Quanto è importante una buona reputazione online? Al giorno d’oggi gli strumenti digitali ci mettono in costante contatto con persone vicine e lontane. Sapersi muovere al loro interno richiede un approccio professionale e che sappia trasmettere valore. Ce ne parla Sonia Milan, digital trainer e consulente di marketing e comunicazione di Opinity.

Ciao Sonia, piacere di conoscerti e benvenuta nel nostro blog. Raccontaci un po’ chi sei e cosa fai.

Sono una consulente di comunicazione digitale, nonché formatrice in ambito digital. Seguo le aziende e i personaggi famosi (soprattutto legati al mondo del cinema) nella loro presenza online, per far sì che sia efficace e produttiva.

Quali sono le difficoltà di questo lavoro oggi?

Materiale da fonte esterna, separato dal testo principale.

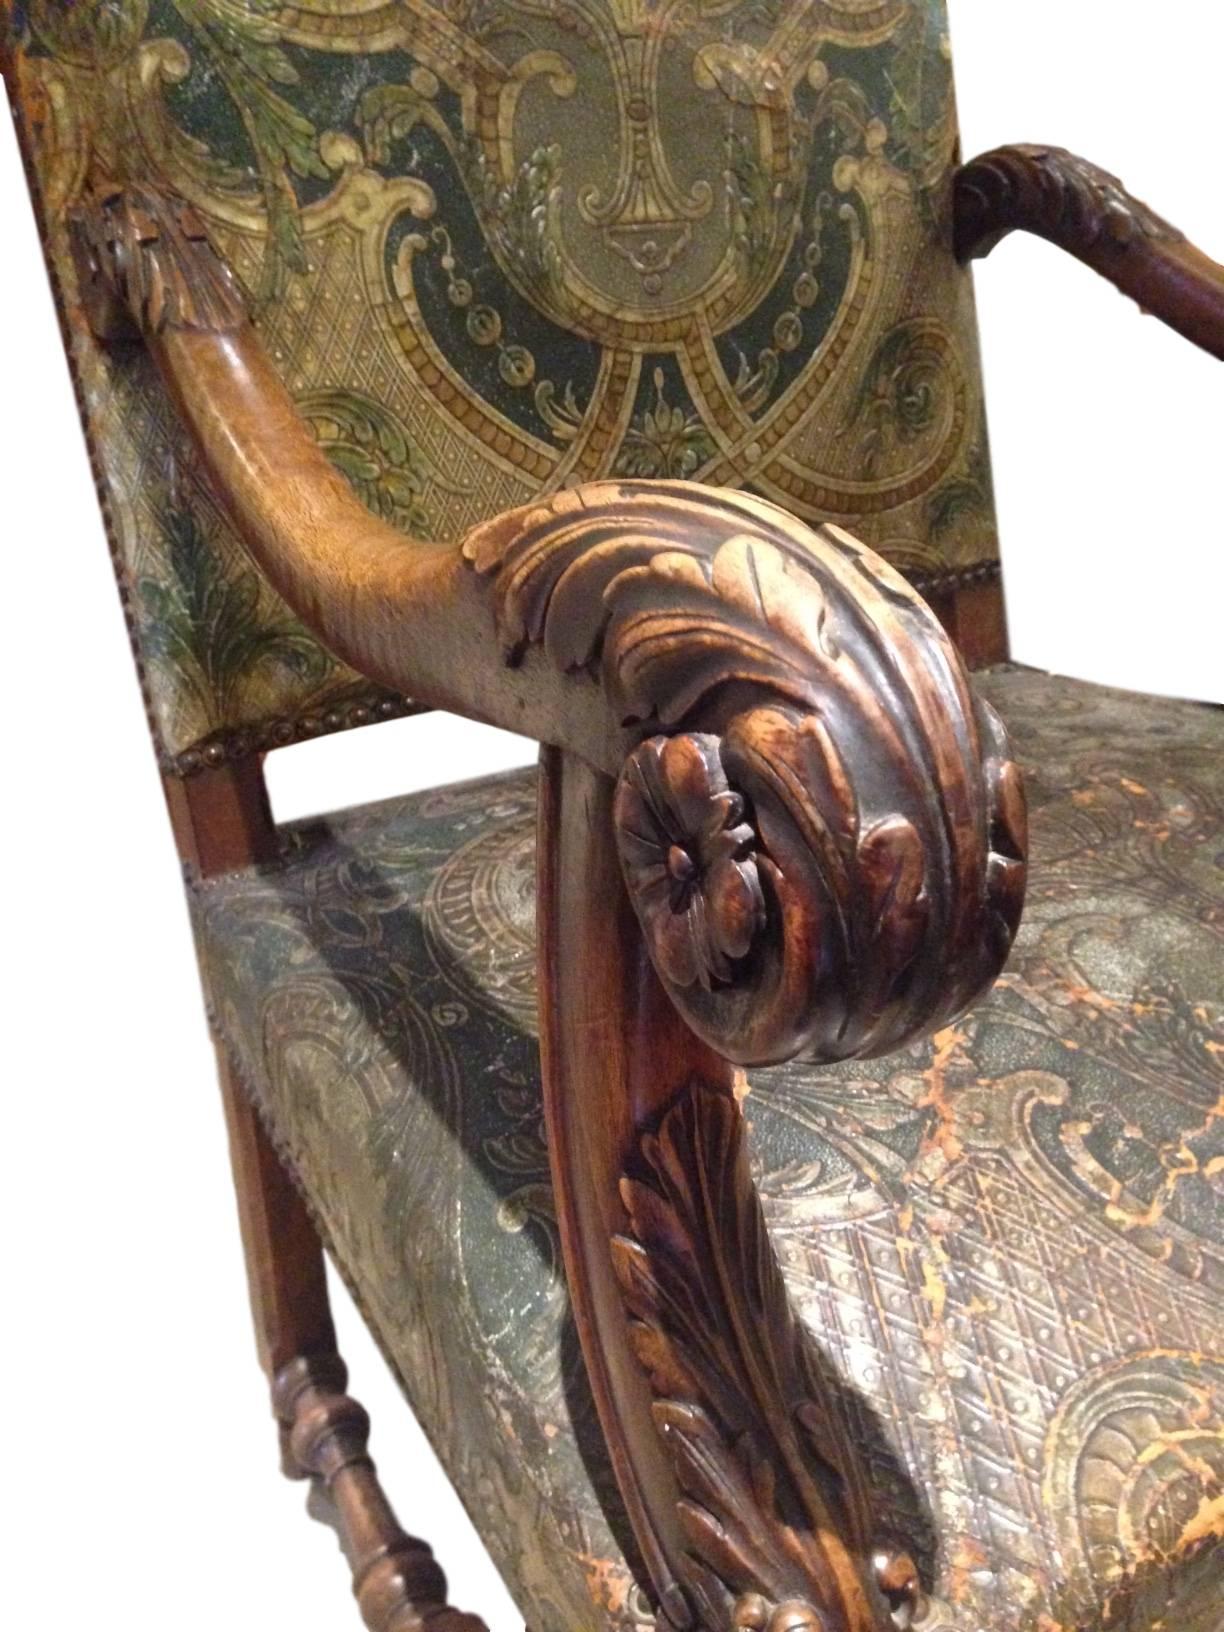 This fantastic 19th century French carved walnut throne armchair has the original embossed and painted leather from the 1870s and contains nail head trim. The wood carving along the armrests and legs are phenomenal and in amazing condition. The

Innanzitutto è un lavoro che richiede competenze davvero vaste. Nella gestione della presenza e della reputazione online entrano in gioco numerosissimi fattori, ed è necessario conoscerli tutti e bene. Inoltre, il mondo digital subisce cambiamenti repentini in tempi brevissimi: ciò che andava bene solo pochi mesi fa, oggi è da ripensare e modificare. Si passa quasi più tempo ad aggiornarsi che a lavorare.

E quali invece gli aspetti che ti fanno innamorare di quello che fai?

Non so se ci sono aspetti particolari di questo lavoro che me ne fanno innamorare: l’unico credo sia la passione. Mi piace quello che faccio, mi piace pasticciare con la tecnologia e con le parole, e combinare queste due passioni per renderle un’attività utile a qualcuno fa di me una persona felice del proprio lavoro.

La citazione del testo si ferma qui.